Ma è stata la scelta dell’allenatore ad aver fatto traboccare, nei mesi successivi, la goccia dal vaso. Marco Giampaolo è stato voluto in prima persona da Maldini, ma gli scarsi risultati, la mancanza di gioco e il non utilizzo dei nuovi acquisti hanno portato la proprietà americana a esonerare l’ex tecnico della Sampdoria dopo appena sette turni di campionato. Di fatto questo esonero ha sancito il fallimento della scommessa del dirigente classe 1968, dato che in campionato si è tradotta in una partenza a rilento da parte della squadra, al tredicesimo posto in classifica dopo sette giornate (bilancio di tre vittorie e quattro sconfitte). Una posizione traballante già dallo scorso ottobre e con il recente allontanamento di Boban, Maldini si trova ora a fare una scelta sul proprio futuro: continuare e credere nel progetto Elliott o smettere? L’attuale direttore dell’area tecnica vorrebbe rimanere in società, ma nè con un ridimensionamento della propria posizione nè con un ruolo distaccato dalle decisioni del club. Bensì a determinate condizioni: avere voce in capitolo sia sull’allenatore sia sul calciomercato.
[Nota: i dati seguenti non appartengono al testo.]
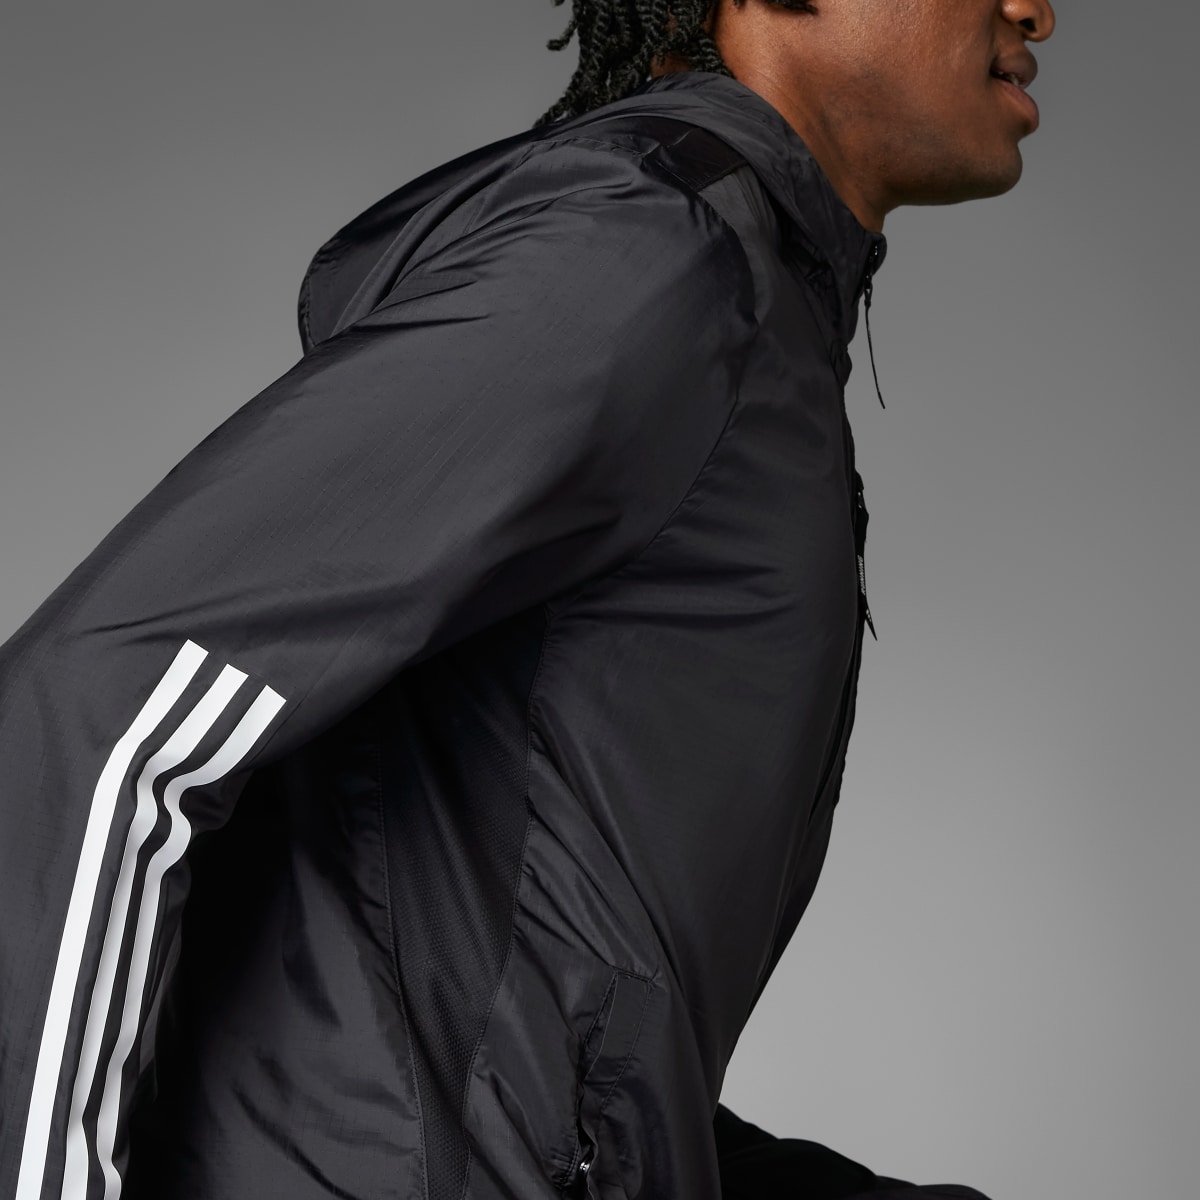 Adidas Own the Run 3-Stripes Jacket. 4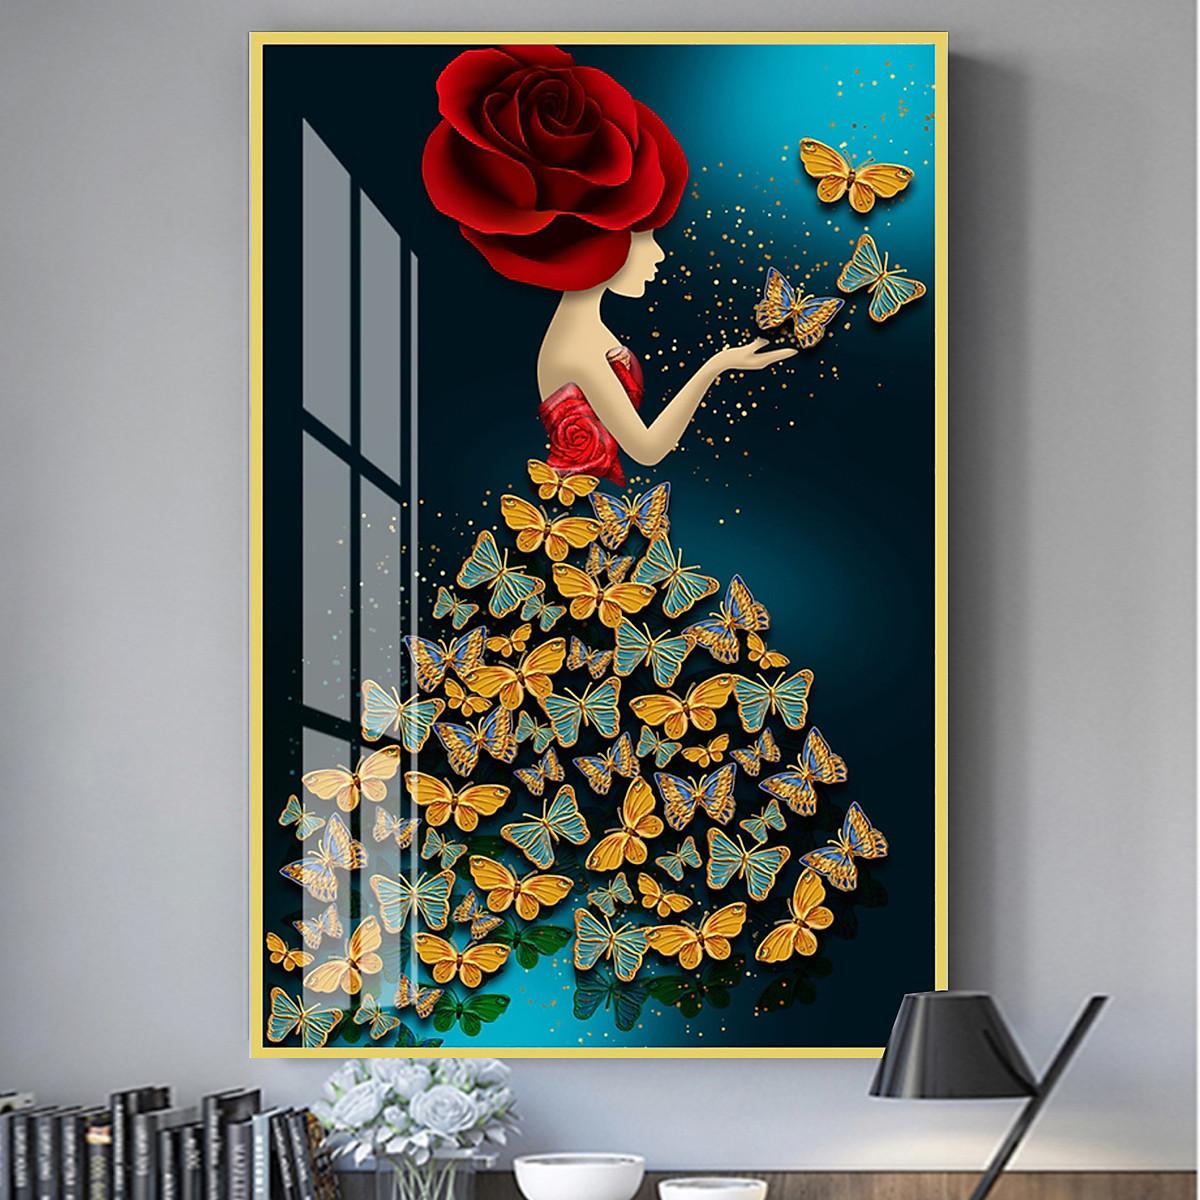 Tranh Canvas Treo Tường Hiện Đại _ Cô Gái diện chiếc váy cánh bướm siêu đẹp

La questione allenatore è il tema caldo nelle ultime della società con sede in Via Aldo Rossi. Ralf Rangnick, ex tecnico del Lipsia ed attuale Head of Sport and Development Soccer del gruppo Red Bull, è il profilo giusto secondo Gazidis e la proprietà. Di parere opposto il direttore tecnico che non lo ritiene la figura ideale. Le continue diatribe tra le due correnti di pensiero non fanno altro che alimentare i malumori destabilizzando l’ambiente. C’è bisogno di unità di intenti, per questo urge un confronto tra le parti il prima possibile, in modo da gettare le basi per un Milan competitivo la prossima stagione, facendo chiarezza in primis su chi allenerà la squadra. Il fondo Elliott crede in Maldini ed anche Gazidis vedrebbe di buon occhio una sua permanenza, così da mantenere una figura di riferimento del brand Milan a livello internazionale. Tanti dubbi sul futuro, ma una cosa è certa: i tifosi non accetteranno più un’altra annata di transizione o dalle magre consolazioni.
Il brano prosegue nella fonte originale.